▶ _COLLECTED DATA_
--- START ---
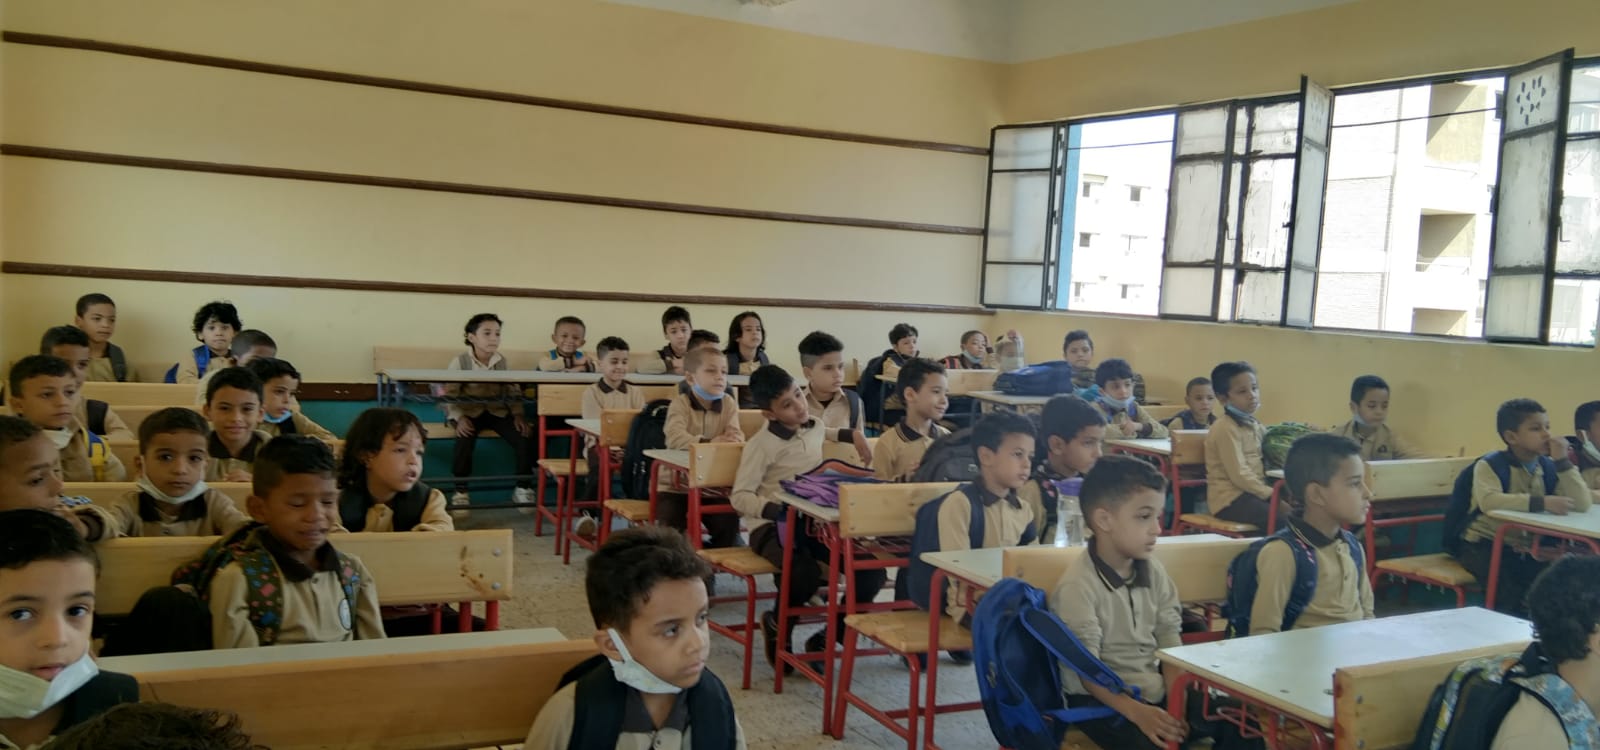 مسيرة طلابية بمدرسة الحفناوية الابتدائية بقرية أولاد نجم  بنجع حمادي
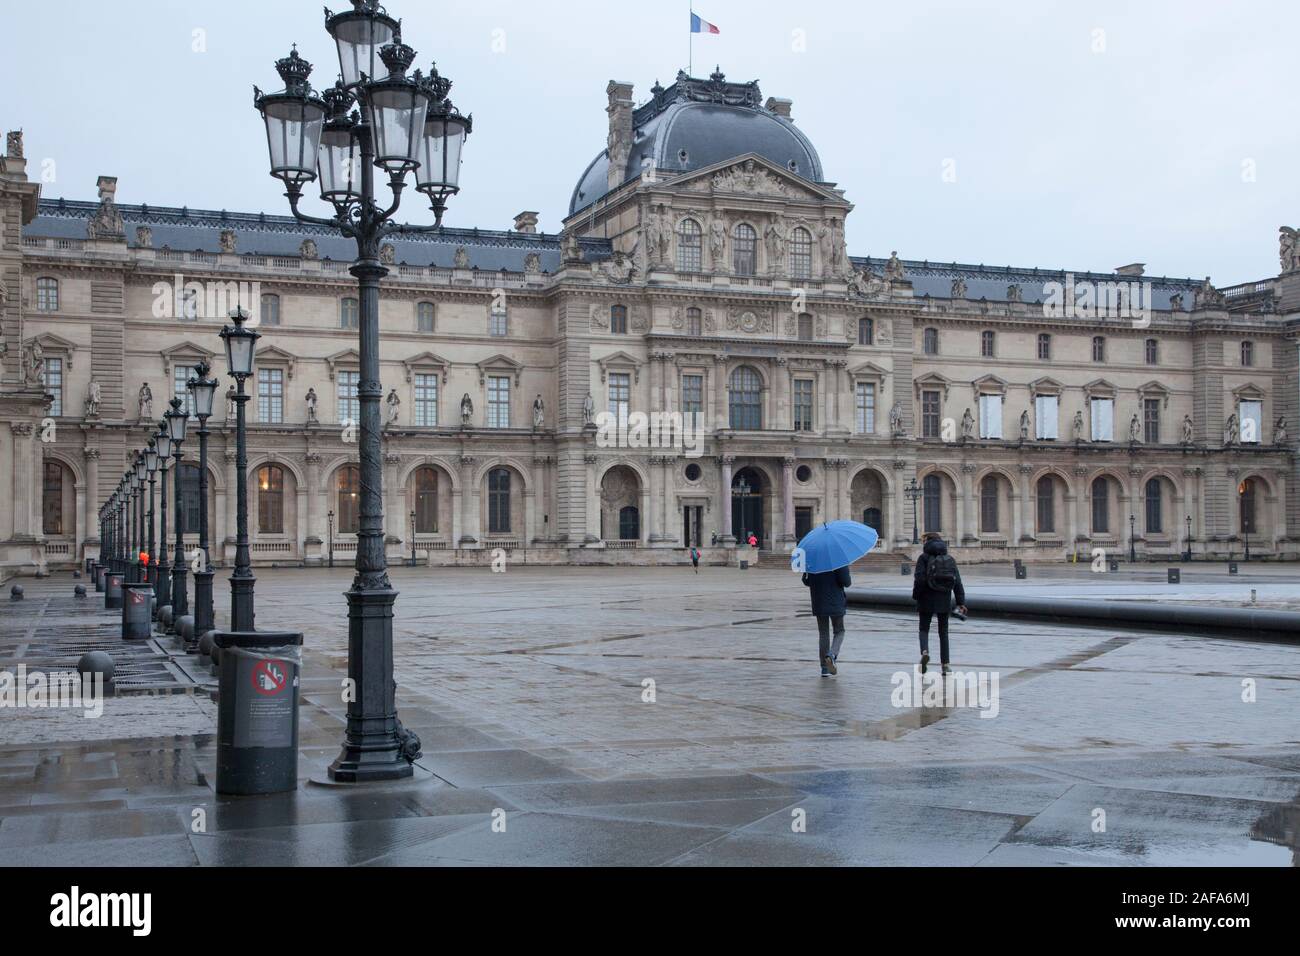 Le Pavillon de l'horloge fait partie du musée du Louvre à Paris complexes. Montré ici tôt un matin d'hiver humide Banque D'Images
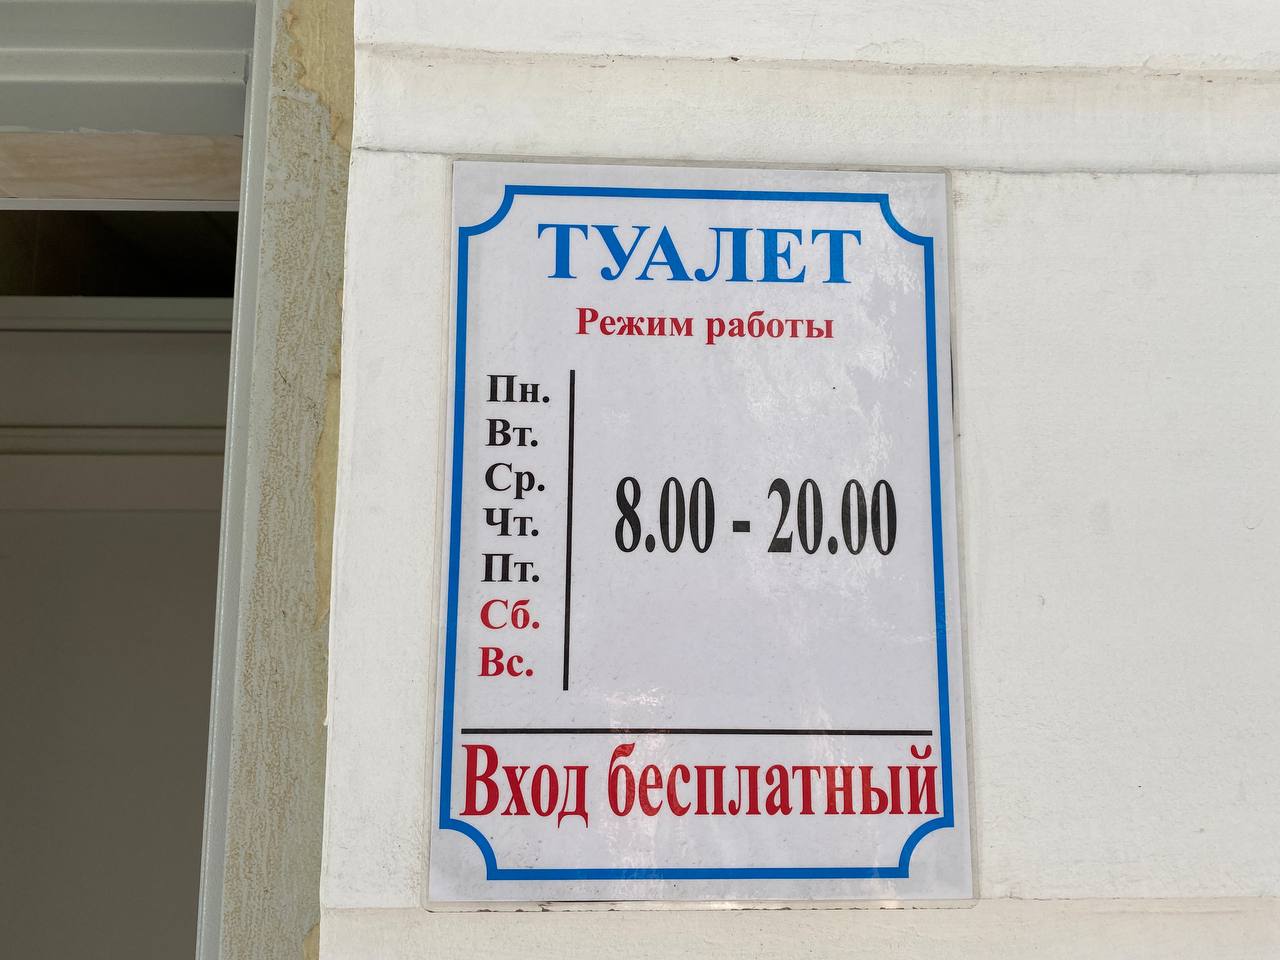 ГБУ «Парки и скверы» прекратило обслуживание туалетов в Севастополе
--- END ---
Word for word, retype the material above without its pictures.

 مسيرة طلابية بمدرسة الحفناوية الابتدائية بقرية أولاد نجم  بنجع حمادي
 Le Pavillon de l'horloge fait partie du musée du Louvre à Paris complexes. Montré ici tôt un matin d'hiver humide Banque D'Images
 ГБУ «Парки и скверы» прекратило обслуживание туалетов в Севастополе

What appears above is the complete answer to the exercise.